Report, word for word, every line of the material that contains "Inch".
*** Opening Dataset extract ***
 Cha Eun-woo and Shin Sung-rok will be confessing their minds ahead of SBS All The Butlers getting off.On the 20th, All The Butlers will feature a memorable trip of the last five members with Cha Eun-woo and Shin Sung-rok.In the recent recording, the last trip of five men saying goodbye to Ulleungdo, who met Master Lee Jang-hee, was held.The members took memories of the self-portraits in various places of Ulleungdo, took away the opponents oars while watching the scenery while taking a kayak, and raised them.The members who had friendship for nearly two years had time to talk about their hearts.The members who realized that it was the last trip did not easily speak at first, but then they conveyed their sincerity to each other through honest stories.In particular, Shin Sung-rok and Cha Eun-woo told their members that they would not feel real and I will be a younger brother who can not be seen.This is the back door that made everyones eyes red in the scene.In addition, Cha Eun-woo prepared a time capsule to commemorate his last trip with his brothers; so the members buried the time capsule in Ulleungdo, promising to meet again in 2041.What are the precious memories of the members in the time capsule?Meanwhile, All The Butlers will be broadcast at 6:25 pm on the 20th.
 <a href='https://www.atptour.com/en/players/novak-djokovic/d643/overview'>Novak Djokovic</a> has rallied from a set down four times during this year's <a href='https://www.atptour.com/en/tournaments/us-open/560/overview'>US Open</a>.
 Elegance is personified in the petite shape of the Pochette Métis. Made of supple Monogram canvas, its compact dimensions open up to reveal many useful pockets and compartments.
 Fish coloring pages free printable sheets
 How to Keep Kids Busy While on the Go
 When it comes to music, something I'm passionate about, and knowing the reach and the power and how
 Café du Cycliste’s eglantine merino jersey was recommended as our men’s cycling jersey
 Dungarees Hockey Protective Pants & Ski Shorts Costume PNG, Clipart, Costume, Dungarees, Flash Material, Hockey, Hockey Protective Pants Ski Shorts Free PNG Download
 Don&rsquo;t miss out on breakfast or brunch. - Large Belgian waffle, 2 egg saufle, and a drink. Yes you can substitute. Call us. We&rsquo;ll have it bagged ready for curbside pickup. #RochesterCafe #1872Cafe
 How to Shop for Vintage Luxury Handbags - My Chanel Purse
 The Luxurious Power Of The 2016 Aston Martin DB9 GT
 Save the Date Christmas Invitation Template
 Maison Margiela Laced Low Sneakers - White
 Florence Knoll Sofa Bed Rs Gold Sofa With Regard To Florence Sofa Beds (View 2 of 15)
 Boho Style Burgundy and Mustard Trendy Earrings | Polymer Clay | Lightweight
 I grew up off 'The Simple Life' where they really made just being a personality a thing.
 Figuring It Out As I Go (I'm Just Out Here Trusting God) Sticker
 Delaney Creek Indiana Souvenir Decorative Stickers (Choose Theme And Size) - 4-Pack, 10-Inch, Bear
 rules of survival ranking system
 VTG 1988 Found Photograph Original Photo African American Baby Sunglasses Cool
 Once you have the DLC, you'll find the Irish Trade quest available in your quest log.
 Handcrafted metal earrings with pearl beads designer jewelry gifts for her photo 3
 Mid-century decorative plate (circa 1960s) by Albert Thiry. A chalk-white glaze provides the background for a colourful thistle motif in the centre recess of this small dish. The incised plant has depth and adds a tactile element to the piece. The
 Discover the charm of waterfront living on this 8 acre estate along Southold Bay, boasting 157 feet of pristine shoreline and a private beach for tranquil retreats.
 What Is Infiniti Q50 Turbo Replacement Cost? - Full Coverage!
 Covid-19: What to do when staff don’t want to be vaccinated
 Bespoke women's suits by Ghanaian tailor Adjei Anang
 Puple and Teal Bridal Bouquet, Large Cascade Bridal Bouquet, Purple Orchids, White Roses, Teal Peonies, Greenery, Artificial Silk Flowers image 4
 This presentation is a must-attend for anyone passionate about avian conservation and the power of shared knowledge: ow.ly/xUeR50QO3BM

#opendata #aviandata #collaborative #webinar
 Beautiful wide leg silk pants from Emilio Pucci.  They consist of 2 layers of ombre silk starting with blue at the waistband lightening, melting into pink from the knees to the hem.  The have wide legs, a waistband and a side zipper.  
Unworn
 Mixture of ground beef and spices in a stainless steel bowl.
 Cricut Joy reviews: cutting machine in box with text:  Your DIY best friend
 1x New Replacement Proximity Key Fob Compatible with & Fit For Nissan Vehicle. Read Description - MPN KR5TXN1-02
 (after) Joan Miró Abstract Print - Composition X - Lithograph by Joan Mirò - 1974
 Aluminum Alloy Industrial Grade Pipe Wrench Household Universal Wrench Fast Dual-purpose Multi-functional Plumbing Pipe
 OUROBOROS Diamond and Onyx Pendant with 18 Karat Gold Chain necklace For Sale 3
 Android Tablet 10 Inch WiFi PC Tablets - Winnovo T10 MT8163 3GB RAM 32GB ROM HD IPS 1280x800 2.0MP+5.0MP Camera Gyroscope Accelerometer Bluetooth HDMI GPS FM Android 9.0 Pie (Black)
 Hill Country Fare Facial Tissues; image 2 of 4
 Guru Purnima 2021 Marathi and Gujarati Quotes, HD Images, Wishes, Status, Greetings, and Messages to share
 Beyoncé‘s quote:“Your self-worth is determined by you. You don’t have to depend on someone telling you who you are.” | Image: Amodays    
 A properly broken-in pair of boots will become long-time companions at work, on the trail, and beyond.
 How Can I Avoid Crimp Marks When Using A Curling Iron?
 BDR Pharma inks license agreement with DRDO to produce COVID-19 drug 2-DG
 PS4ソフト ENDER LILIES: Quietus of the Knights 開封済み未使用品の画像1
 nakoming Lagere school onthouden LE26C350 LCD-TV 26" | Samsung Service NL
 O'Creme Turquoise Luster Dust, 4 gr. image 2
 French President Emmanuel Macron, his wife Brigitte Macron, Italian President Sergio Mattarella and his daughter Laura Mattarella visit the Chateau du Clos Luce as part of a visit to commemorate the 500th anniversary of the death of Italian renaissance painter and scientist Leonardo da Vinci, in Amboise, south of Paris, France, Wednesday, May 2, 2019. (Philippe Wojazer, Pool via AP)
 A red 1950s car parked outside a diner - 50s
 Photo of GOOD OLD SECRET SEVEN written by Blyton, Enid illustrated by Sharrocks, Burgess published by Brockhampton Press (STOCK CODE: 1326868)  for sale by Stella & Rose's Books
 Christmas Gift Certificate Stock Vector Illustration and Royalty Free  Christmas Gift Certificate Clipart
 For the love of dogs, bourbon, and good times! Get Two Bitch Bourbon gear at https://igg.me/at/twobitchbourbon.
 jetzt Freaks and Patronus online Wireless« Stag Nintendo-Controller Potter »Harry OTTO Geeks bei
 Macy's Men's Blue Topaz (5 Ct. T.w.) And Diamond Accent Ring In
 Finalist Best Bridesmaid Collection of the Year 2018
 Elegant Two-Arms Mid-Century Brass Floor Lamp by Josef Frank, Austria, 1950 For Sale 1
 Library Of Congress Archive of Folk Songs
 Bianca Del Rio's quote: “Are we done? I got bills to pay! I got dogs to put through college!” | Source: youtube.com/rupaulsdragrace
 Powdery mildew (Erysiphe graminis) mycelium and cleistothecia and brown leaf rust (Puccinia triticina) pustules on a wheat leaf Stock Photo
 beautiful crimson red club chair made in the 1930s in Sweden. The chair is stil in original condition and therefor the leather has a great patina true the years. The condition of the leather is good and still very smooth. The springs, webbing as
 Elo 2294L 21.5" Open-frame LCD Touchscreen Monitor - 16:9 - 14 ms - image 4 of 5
*** Closing Dataset extract ***
• **Solution to the problem**
 Delaney Creek Indiana Souvenir Decorative Stickers (Choose Theme And Size) - 4-Pack, 10-Inch, Bear
 Android Tablet 10 Inch WiFi PC Tablets - Winnovo T10 MT8163 3GB RAM 32GB ROM HD IPS 1280x800 2.0MP+5.0MP Camera Gyroscope Accelerometer Bluetooth HDMI GPS FM Android 9.0 Pie (Black)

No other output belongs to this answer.